Al Brophy at the Faculty Lounge and
Karen Tani at the Legal History Blog recently commented on John Orth's recent
"'The Release of Energy': Reflections on a Legal History Trope". The trope originates with J. Willard Hurst, "the dean of American legal historians" and also
early environmental historian, who used the phrase to describe the pro-development slant of American law in the nineteenth century.

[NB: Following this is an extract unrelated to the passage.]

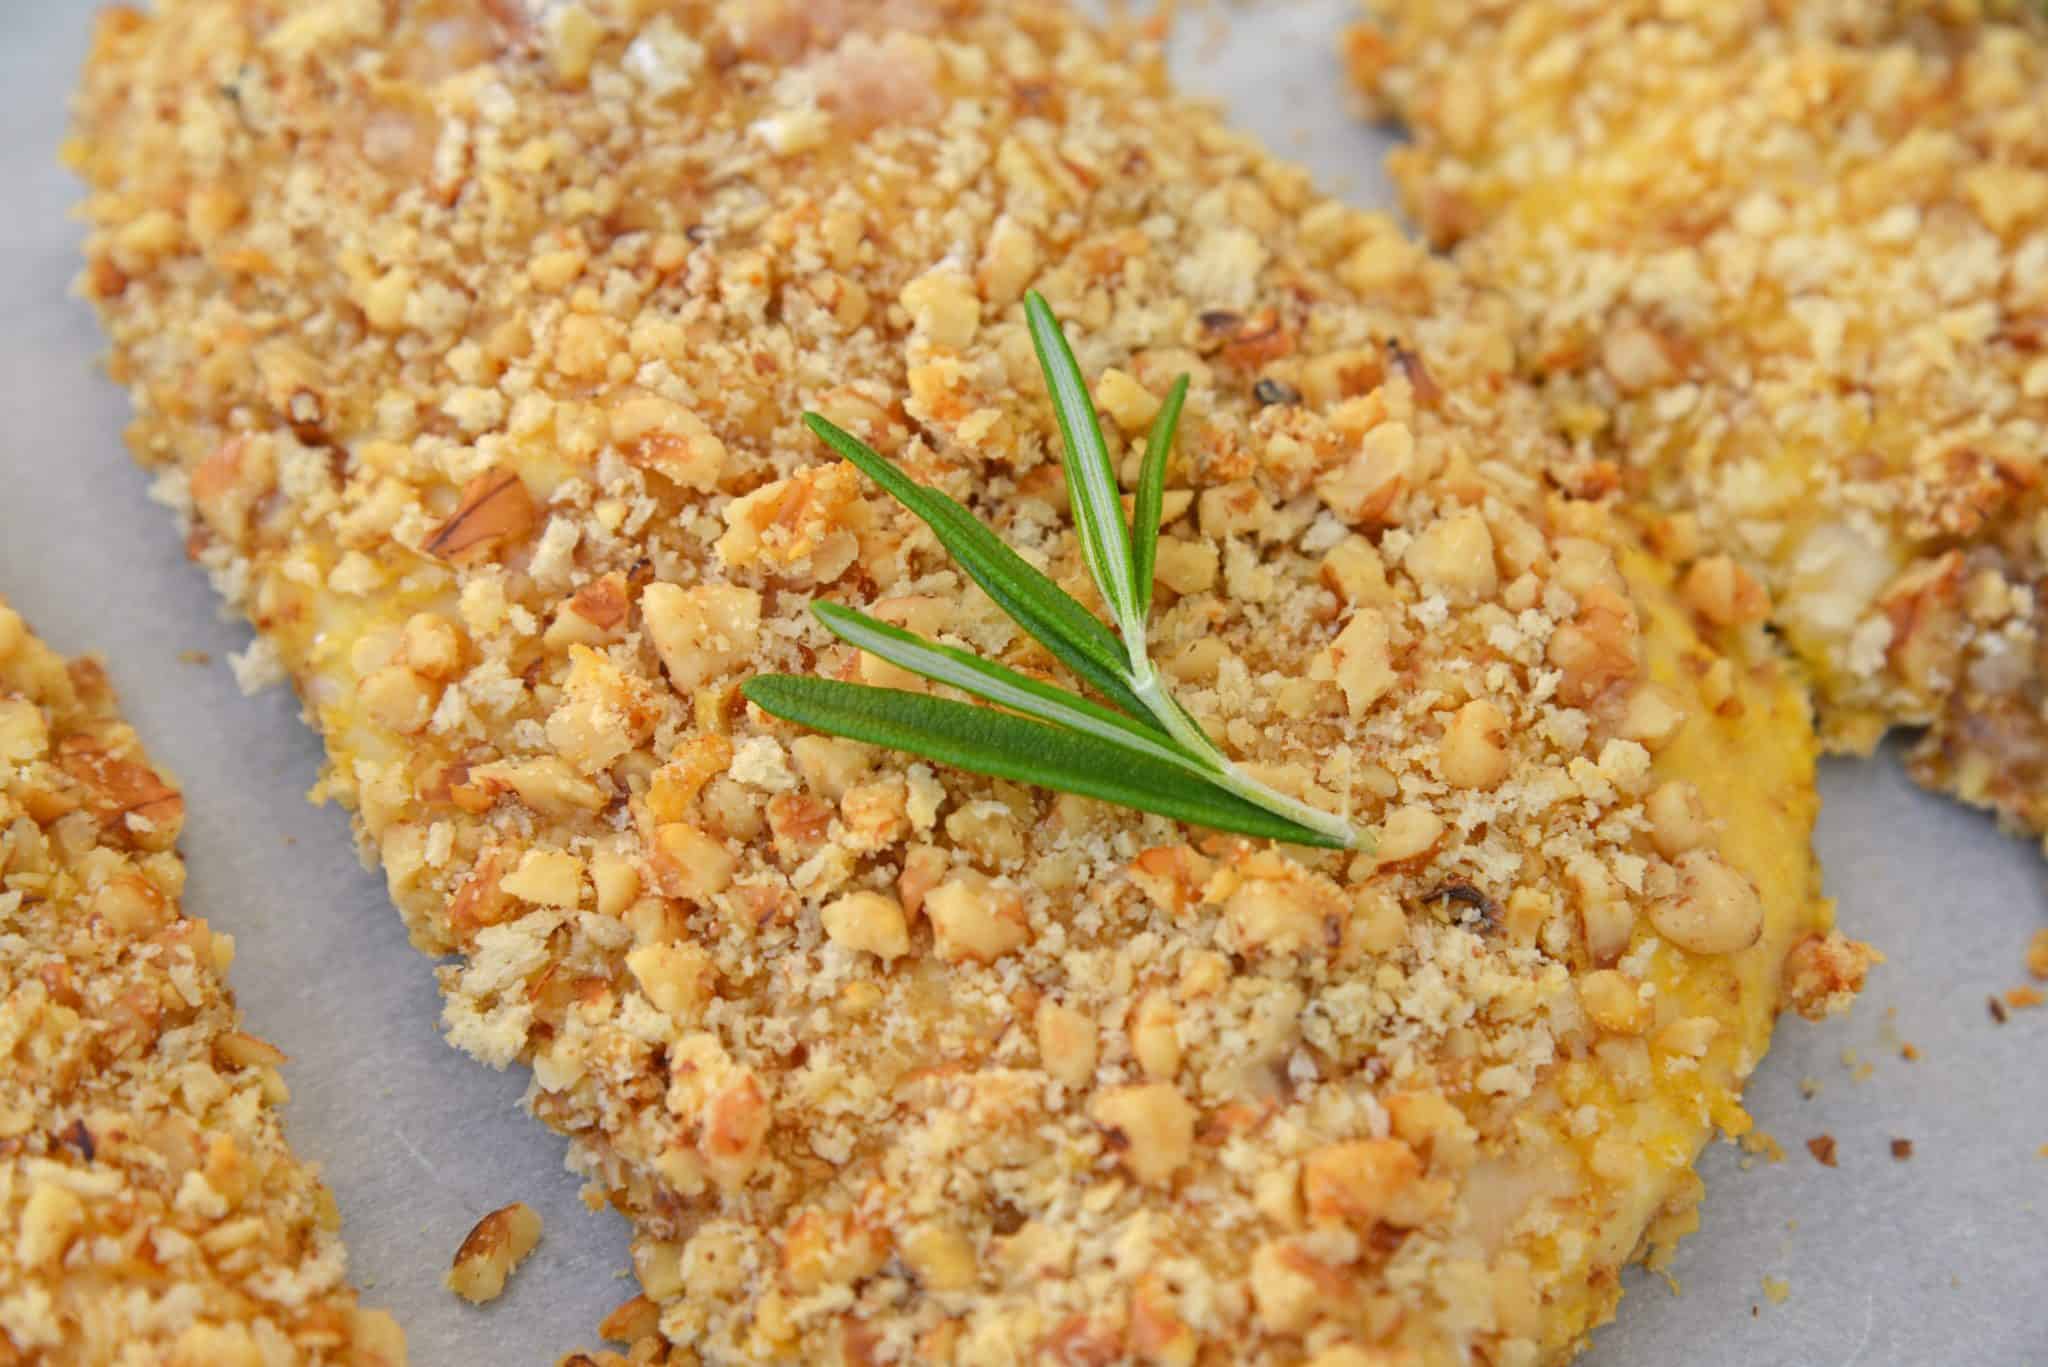 Walnut Crusted Chicken is a deliciously healthy, crunchy chicken with a cool dipping sauce! Made with chopped walnuts, panko bread crumbs, and fresh rosemary! #walnutcrustedchicken #rosemarychicken www.savoryexperiments.com

Among the legal changes of the period:
Property, once conceived in patrimonial and static terms, came to be seen as a dynamic asset to be exploited, leading to pro-productive rules favoring prior appropriation of water and fugitive minerals such as oil and natural gas, the refusal to recognise easements for light and air, and the abandonment of traditional restraints in the law of waste.
Orth goes on to doubt the utility of the phrase:
I will venture to say that I find the ‘release of energy’ to be an unhelpful trope in legal history. As the American story makes plain, energy can be released by repealing statutes or by adopting them. It can be released by legislatures or by courts. It can be released by changing the law or by leaving it unchanged. To the extent that it means ‘the power to make contracts freely’, it may be no more than a polite expression for laissez-faire. To the extent that it means ‘placing the nation’s natural wealth at the people’s disposal’, it may be simply a euphemism for Gilded Age corporate giveaways.